JuliaLang / julia

The Julia Programming Language
https://julialang.org/
MIT License
45.43k stars 5.45k forks source link

Average of Dates #54542

Open alaindebecker opened 3 months ago

alaindebecker commented 3 months ago

That you cannot add Datesand cannot divide a Dates by an integer seams perfectly normal.

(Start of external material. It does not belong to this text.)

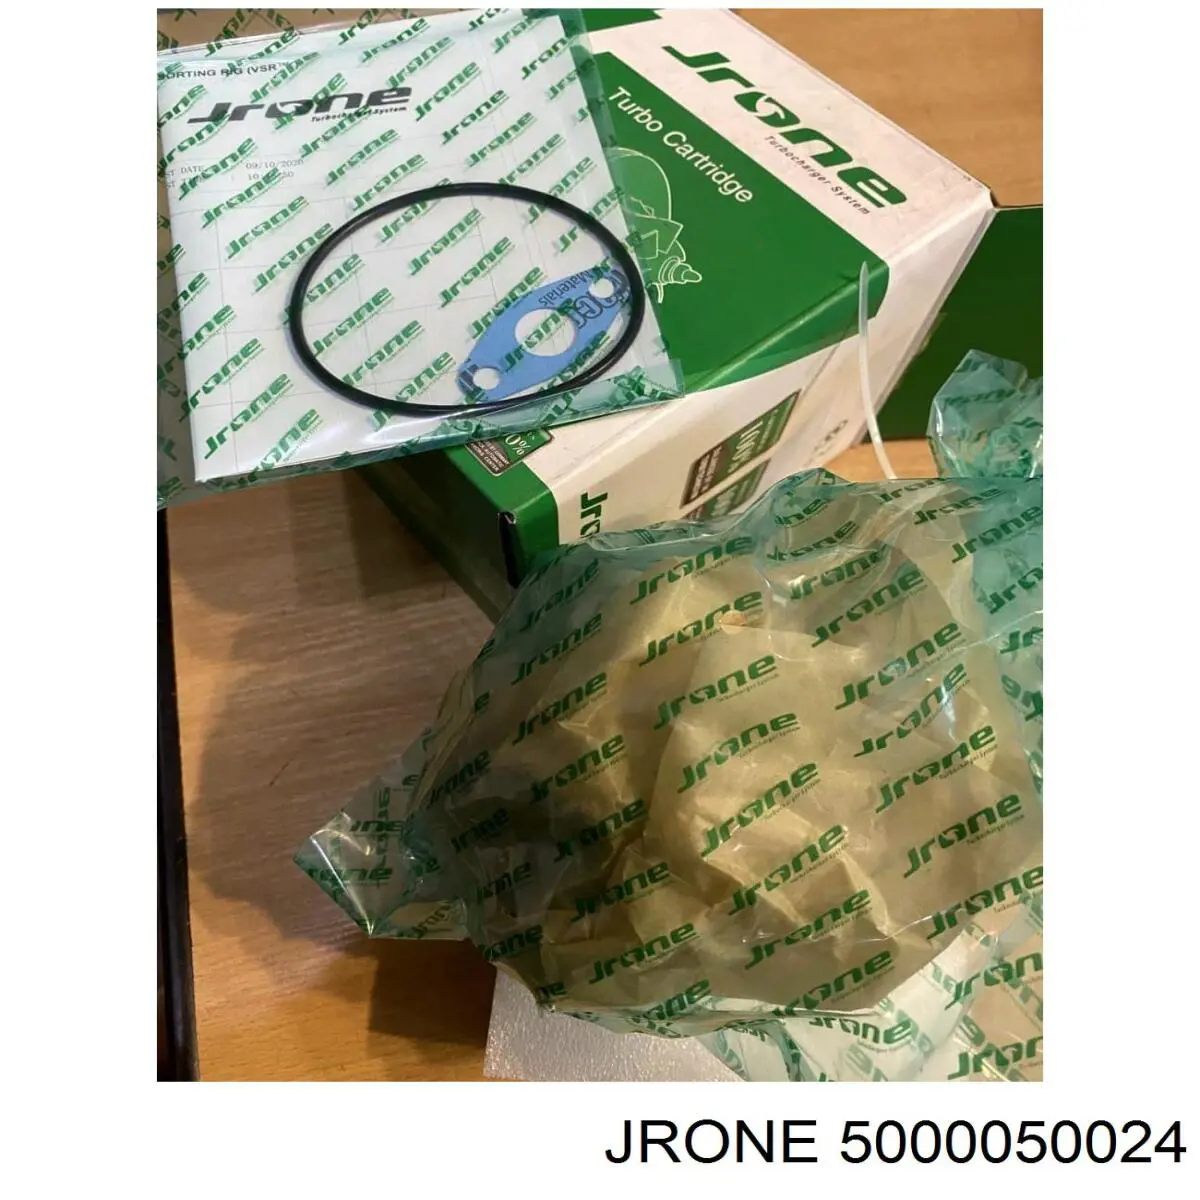  JRONE 5000050024

However computing the mean of Dates is well founded and sometimes mostly needed.

Example:


using Statistics, Dates

mean([Date("2024-05-22"), Date("2024-05-20")])
### ERROR: MethodError: no method matching /(::Date, ::Int64)

sum([Date("2024-05-22"), Date("2024-05-20")])  ÷ 2
### ERROR: MethodError: no method matching +(::Date, ::Date)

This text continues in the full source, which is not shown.